Data Collection (3 sources)
→ Preprocessing (ComBat-seq + TMM normalization + gene filtering)
→ Integration (Scanpy PCA + UMAP)
→ Spectrum Order Validation (PAGA trajectory + clinical features)
→ Tissue Deconvolution (TAPE)
→ DEG Analysis (EdgeR)
→ Pathway Enrichment (gseapy)
→ Molecular Validation (qPCR)Inclusion/Exclusion Criteria
Three strict criteria governed sample selection:
- Only human skeletal muscle tissue accepted (excluding cell lines or organoids)
- Bulk RNA-seq performed using high-throughput techniques (no microarray or single-cell data)
- Raw count data preserved in original format (no transformed count format)
Data Sources
| Source | Samples | Accession |
|---|---|---|
| GTEx | 803 | dbGaP phs000424.v8.p2 |
| GEO | 291 | GSE115650, GSE175861, GSE184951, GSE201255, GSE202745, GSE140261 |
| Helsinki | 127 | Local data (39 also in GSE151757) |
Preprocessing
Batch Effect Adjustment
- Method: ComBat-seq (negative-binomial regression-based batch adjustment)
- R package: sva
- Batch variables: Sequencing platform — 930 mRNA (polyA) vs. 291 total RNA (ribosomal)
Normalization
- Method: TMM (Trimmed Mean of M-values) via conorm
- Better suited for between-sample comparisons than TPM/FPKM
Gene Filtering
- Initial gene sets: 16,953 candidate genes across all 1,221 samples
- Filtering rule: muscle-specific gene counts must be > 0 in all samples
- Final: 9,231 genes selected
Integration & Visualization
- Tool: Scanpy (Python)
- Pipeline: PCA → UMAP (single-cell-like analysis applied to bulk data)

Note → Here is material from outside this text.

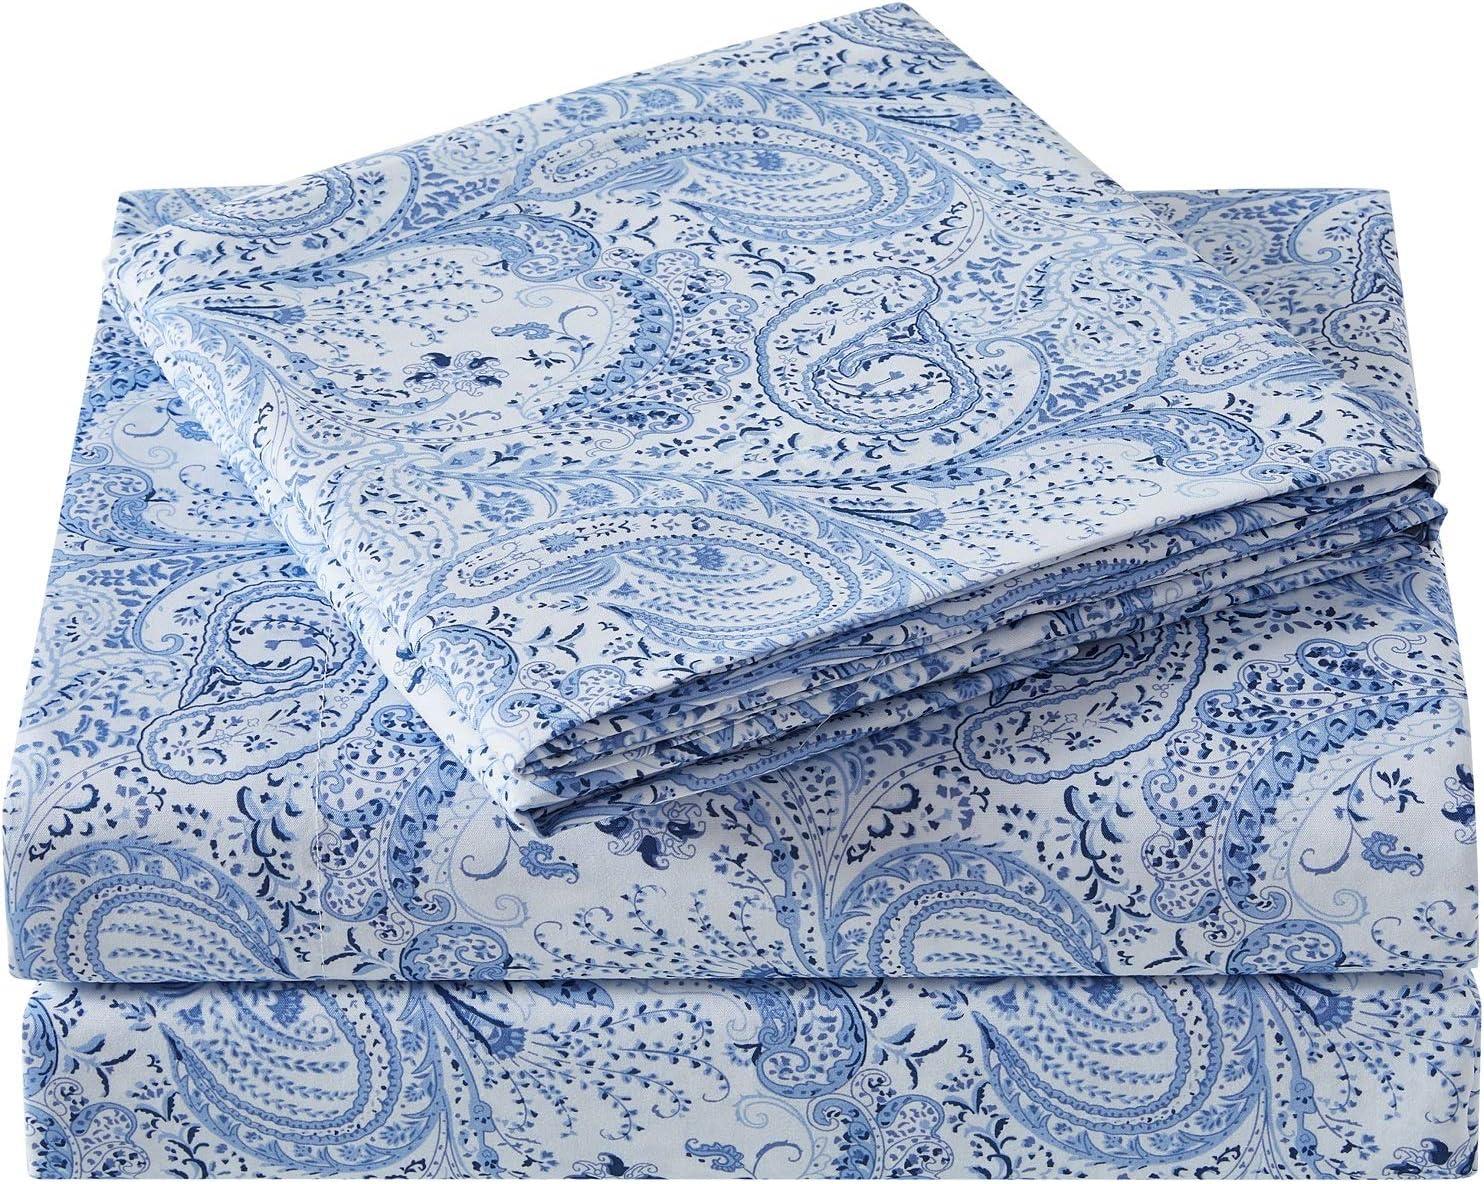 Bed Sheet Set 4 Pc Paisley Blue

- Key insight: Similar expression patterns cluster together; myopathy muscles show a ribbon-like distribution rather than compact clusters
Spectrum Order Validation
In-Silico Validation
- Pseudo-time analysis (PAGA) used to predict muscle deterioration transformation from healthy to myopathy
- Trajectory prediction algorithms confirmed the severity spectrum order
Clinical Feature Mapping
Clinical features mapped onto UMAP to validate the spectrum order:
| Myopathy | Clinical Feature | Jonckheere Test | p-value |
|---|---|---|---|
| CDM | CTG repeat expansion | JT = 181 | 1.07e-03 |
| LGMD R12 | Mercuri score (cMRI) | JT = 459 | 2.09e-06 |
| LGMD R12 | 10-meter walk test | JT = 369 | 0.011 |
| LGMD R12 | 6-minute walk test | JT = 164 | 0.014 |
| FSHD | Fat fraction (qMRI) | JT = 139 | 0.193 |
| FSHD | Pathology score | JT = 147 | 0.36 |
| FSHD | Clinical severity score | JT = 125 | 0.753 |
Differential Expression Analysis
- Tool: EdgeR (R)
- Reference: Genuinely healthy controls from GTEx (n = 234, accident + unexpected death)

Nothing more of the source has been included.